The pandemic killed everything except— authenticity

Arts suffered a massive blow because of the pandemic. Theatres and cinemas were shut, music concerts were cancelled, and the conventional audience experience disappeared. However, for some artists—who never did anything conventional— digitization was a blessing in disguise.

India’s lesser discovered independent musicians got the much-awaited fame and leverage over big labels. A lot of bands who were already used to making music from their homes, such as ‘When Chai Met Toast’, found it easier to work digitally. Smaller artists like Prateek Kuhad leveraged the digital medium to increase their popularity. His music single ‘Kasoor’ which featured people from all across the country in June 2020, quickly became a huge trend on social media platforms as soon as it was released.
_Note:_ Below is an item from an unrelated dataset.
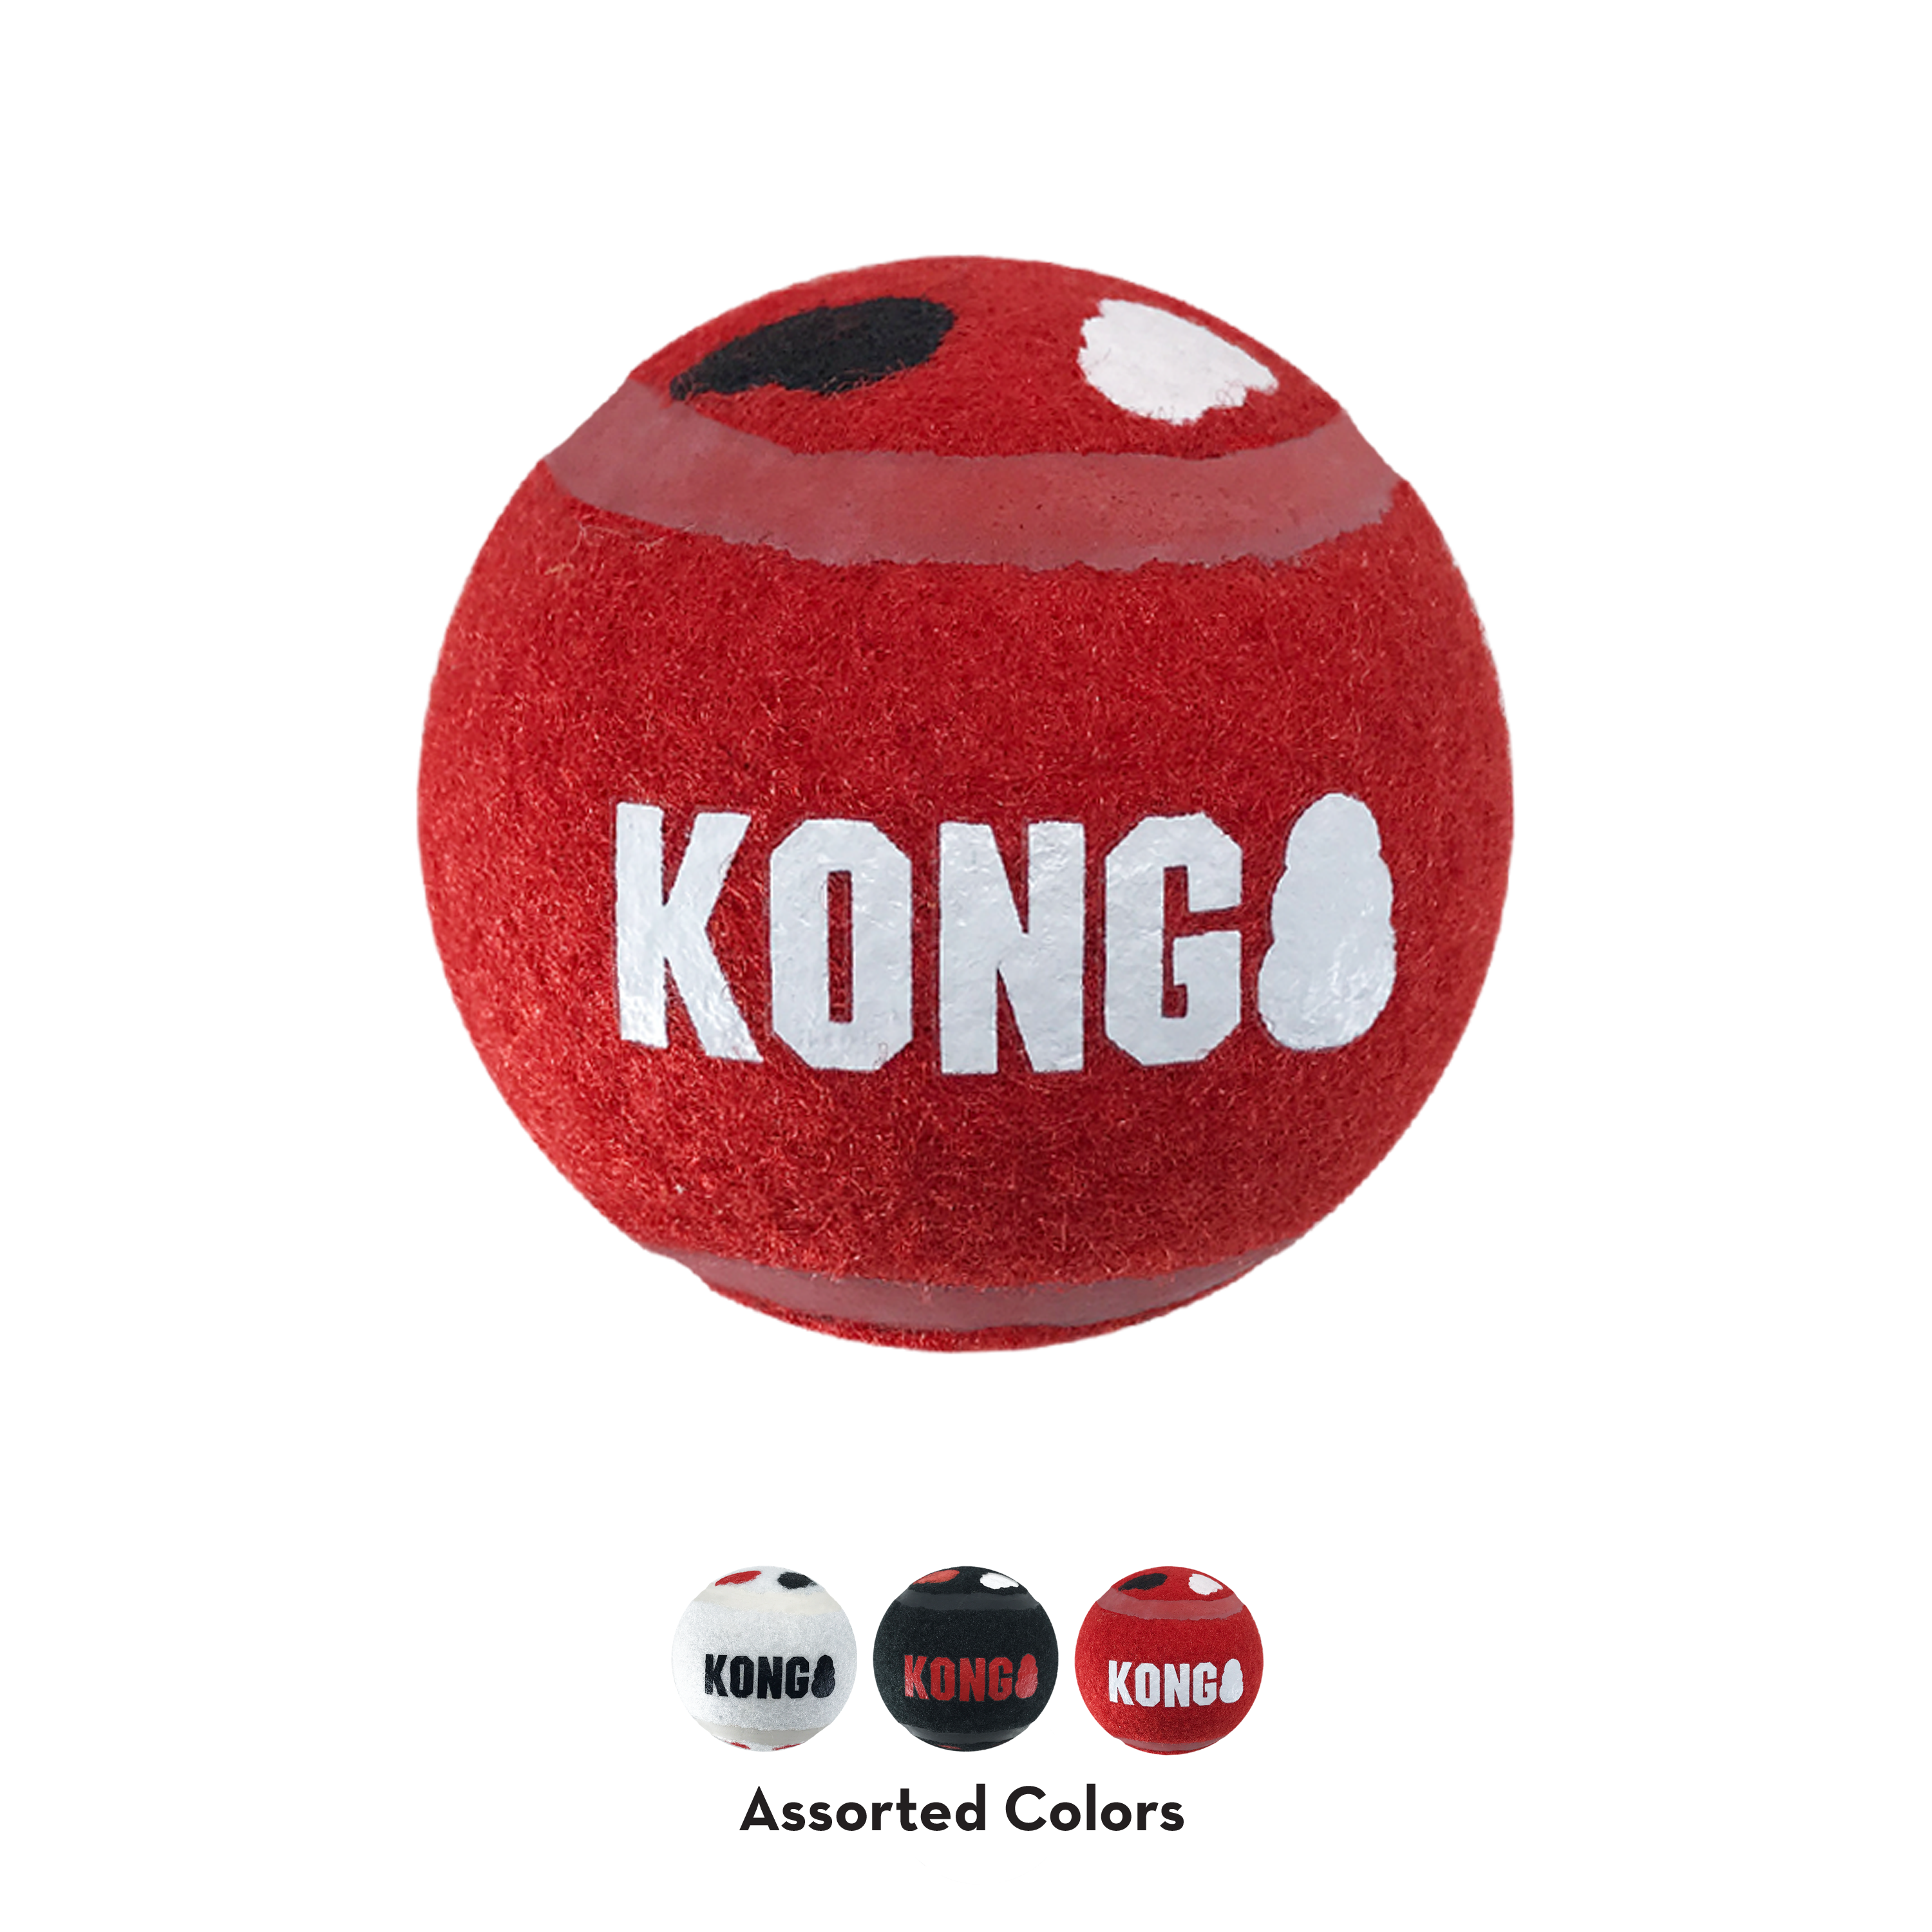 Signature Sport Balls - Pelotas Deportivas de Kong

For other independent artists, COVID-19 brought more streams and listeners. Several unknown music artists who had no chance to enter the unwelcoming global music industry previously shined as more people tuned into streaming platforms such as Spotify and Wynk. As these platforms introduced better playlists and recommendations featuring indie artists, their listenership prominently increased.

Perhaps, the most unprecedented impact was brought forth by the domestic ban on Tiktok and the subsequent launch of Instagram Reels. Instagram Reels was greatly responsible for the growing popularity of Lo-Fi music, alternative hip-hop, and the increased fan-base of indie musicians such as Anuv Jain, Nucleya, Shirley Sethia, and Bangalore-based band Parvaaz. Spotify and Apple Music introduced playlists dedicated to trending songs on Instagram. Stunnin’ by Curtis Waters became a sensation on the social media platform in the span of a midnight, while other artists such as Emily Watts received impending appreciation and love for her old song cover ‘La Vie En Rose’.

Artists developed more space to express themselves in the label and Bollywood-music -producer-dominated industry. Most digital platforms allow artists to release their music for a nominal fee without the need of a producer, the backing of a known industry name, or the favour of mainstream artists or managers. These platforms utilize algorithms to provide artists with the amplification that they deserve.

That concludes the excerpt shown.